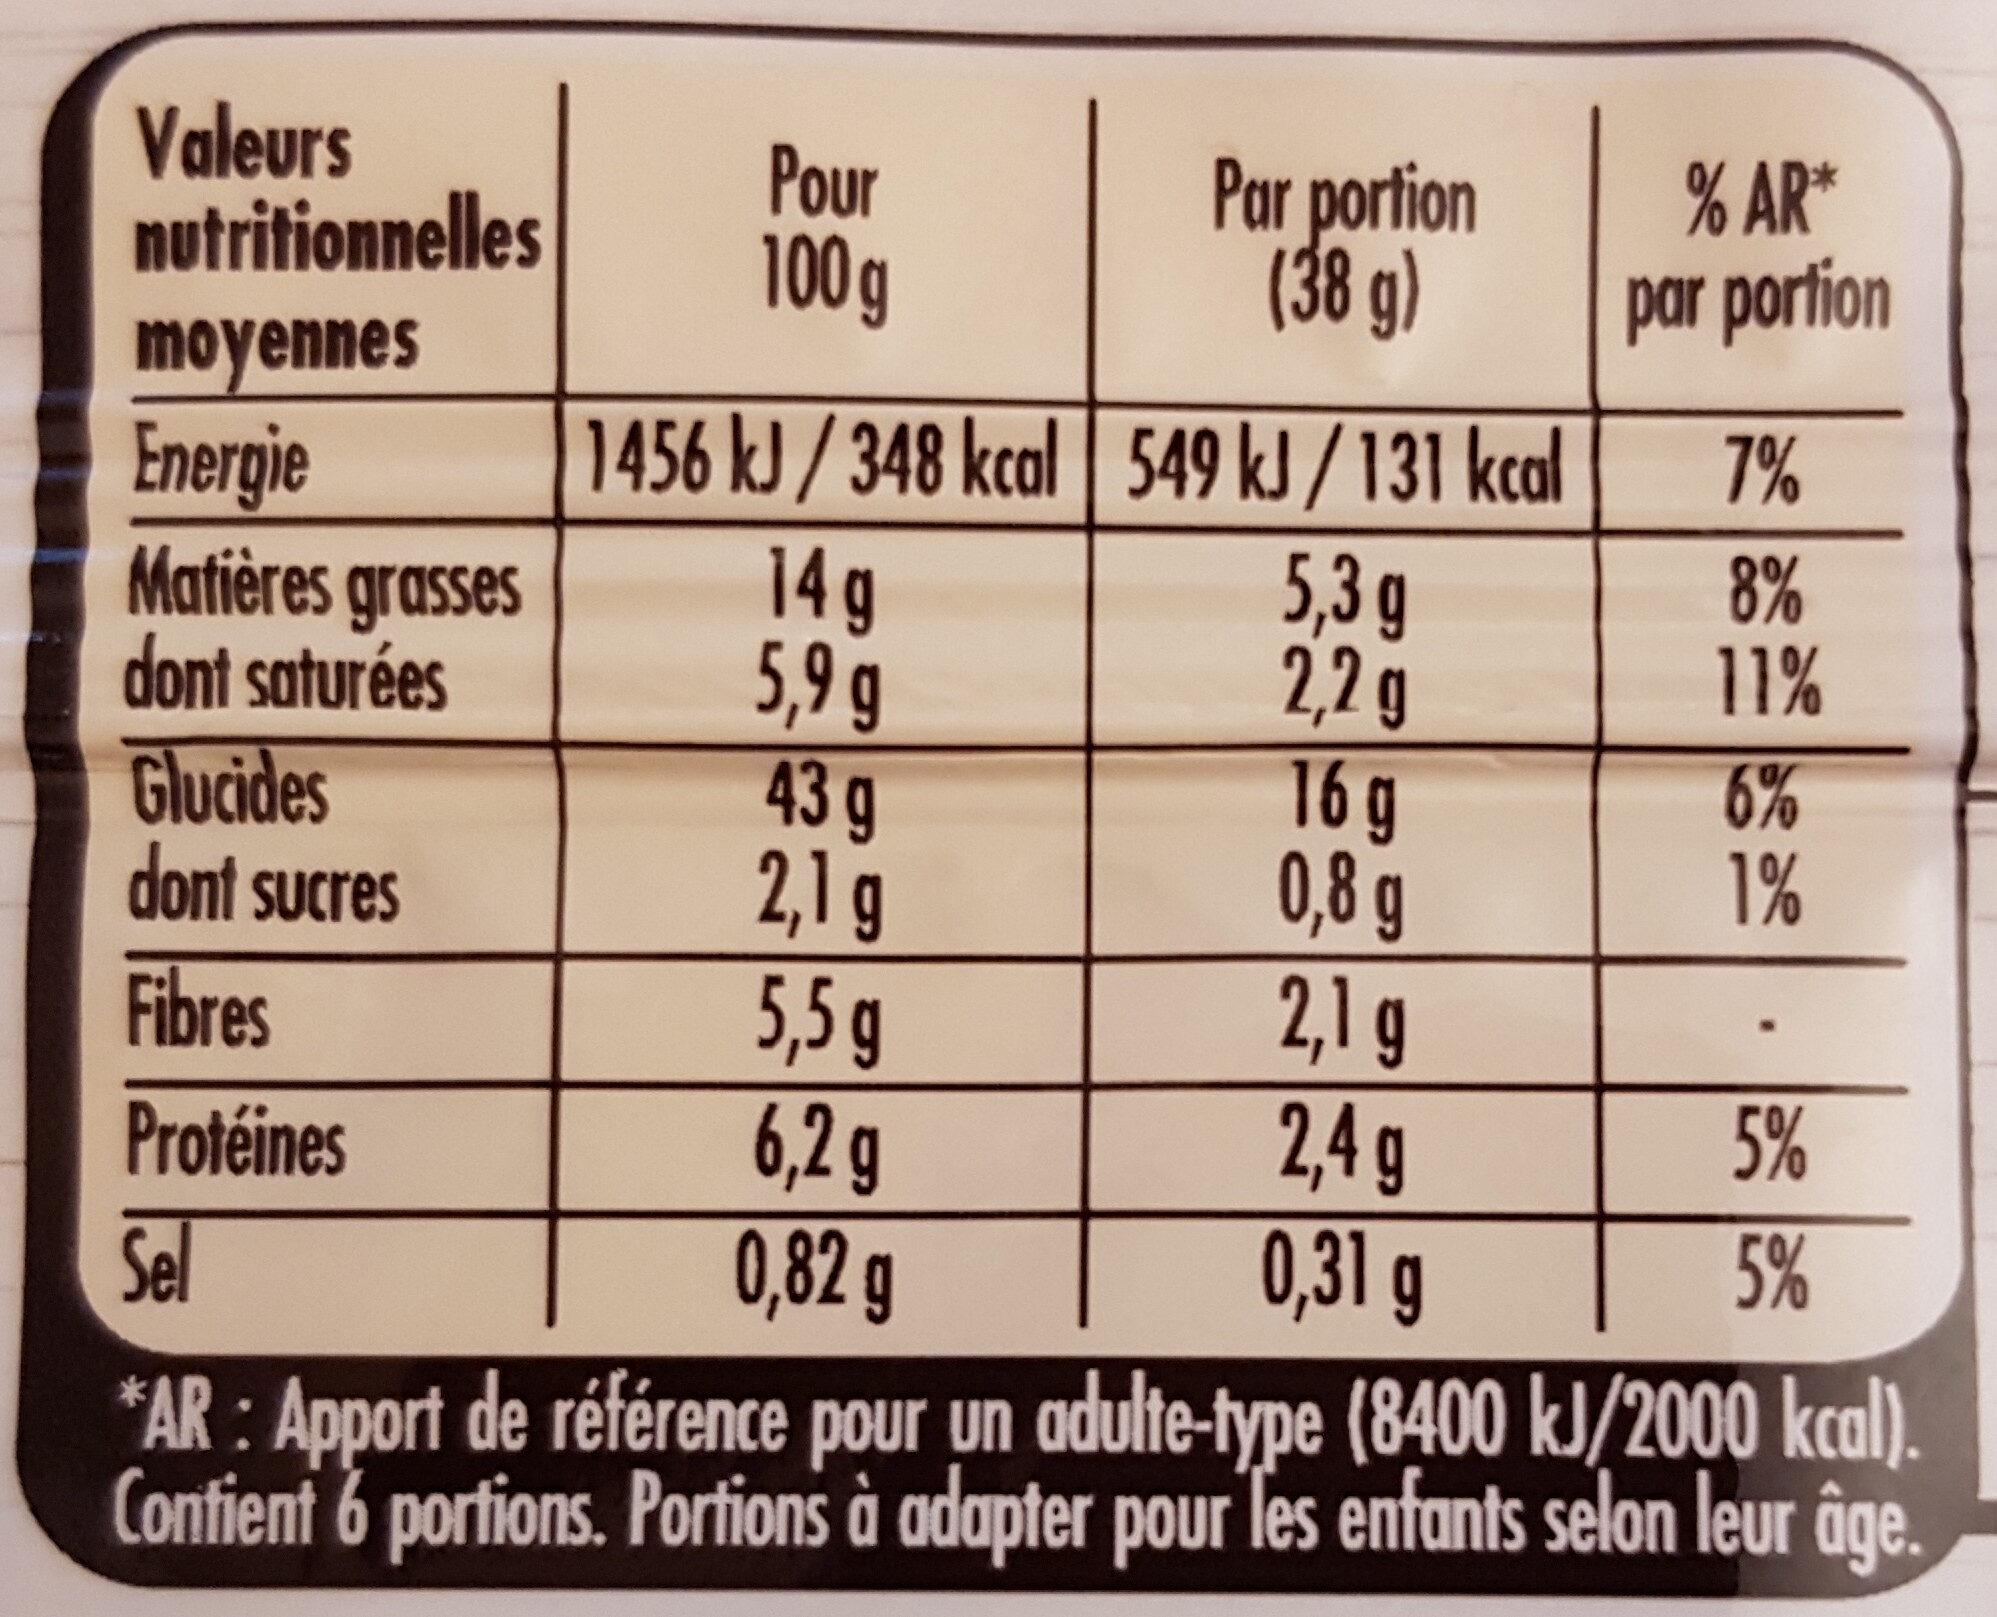 Pate Brisée sans additif - Voedingswaarden - fr
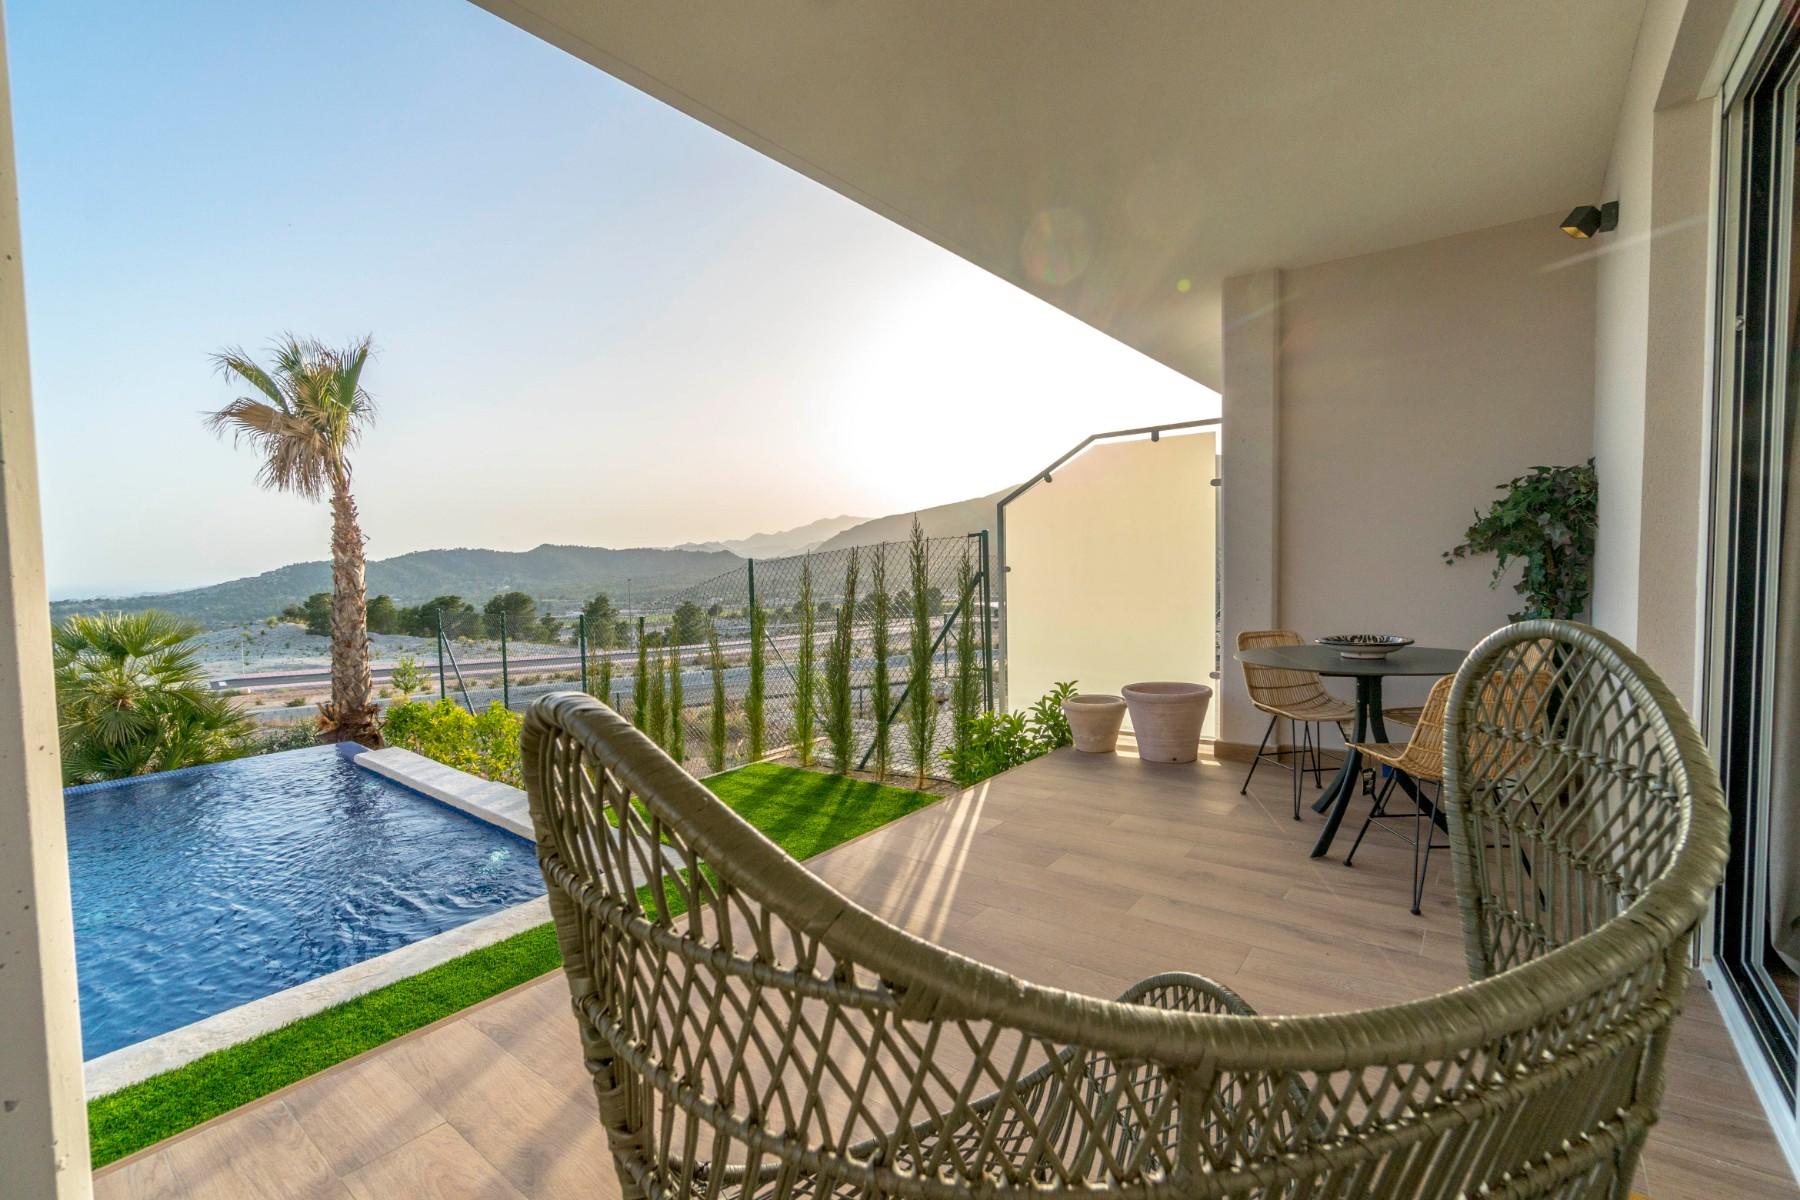 For sale: 2 bedroom house / villa in Finestrat
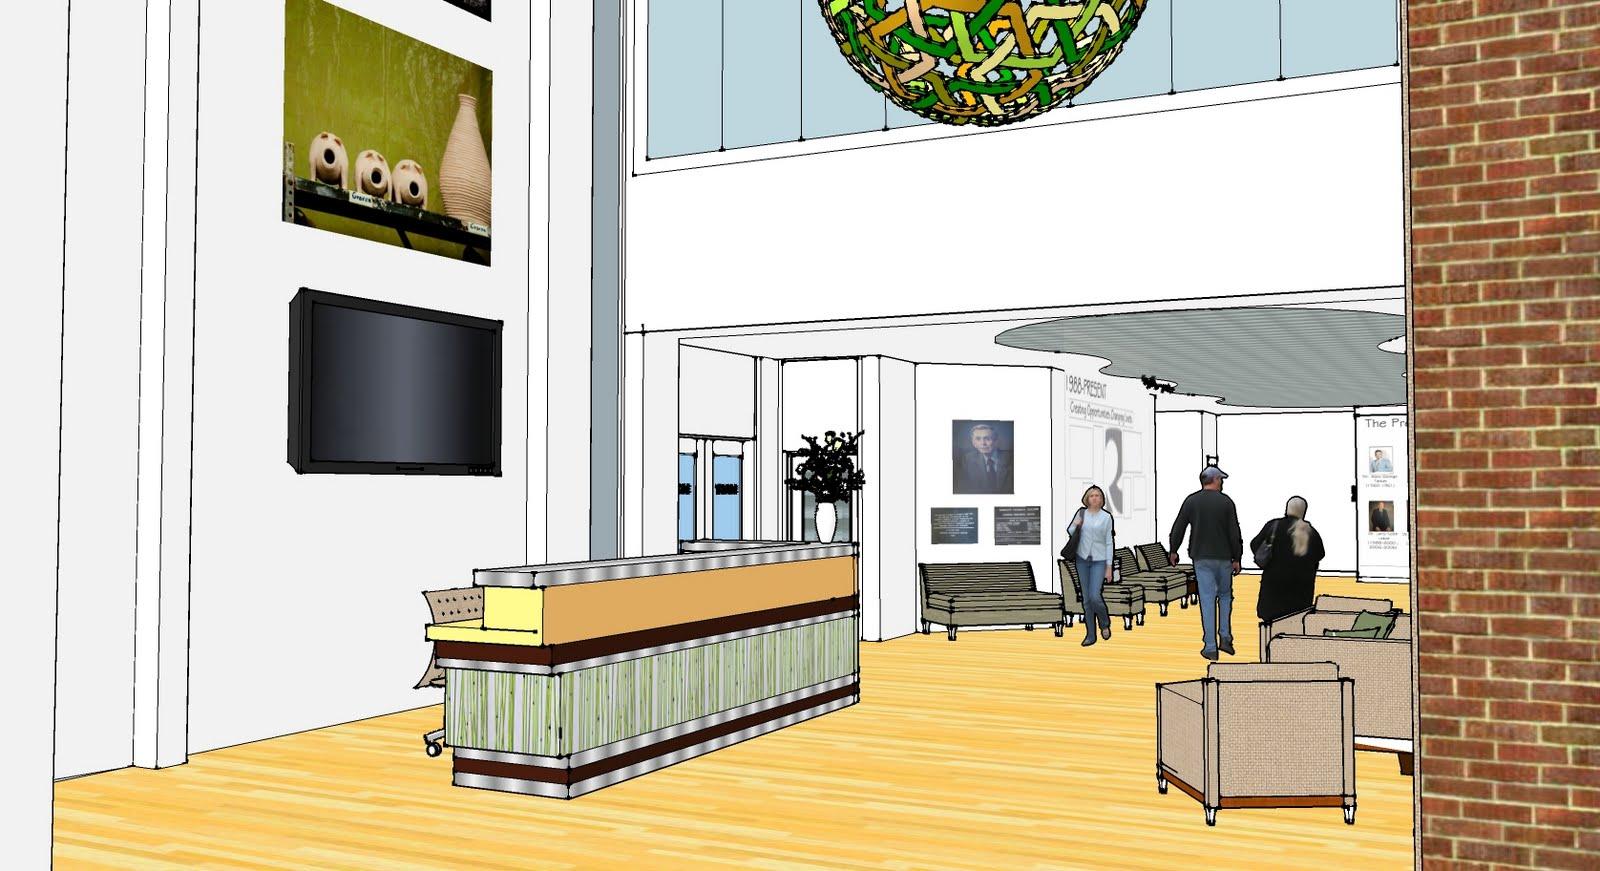 Randolph Community College Interior Design Concepts Presented for
........
(Exercise description)
Line by line and exactly, write out the material above. Skip the pictures.

(Your response)
 Pate Brisée sans additif - Voedingswaarden - fr
 For sale: 2 bedroom house / villa in Finestrat
 Randolph Community College Interior Design Concepts Presented for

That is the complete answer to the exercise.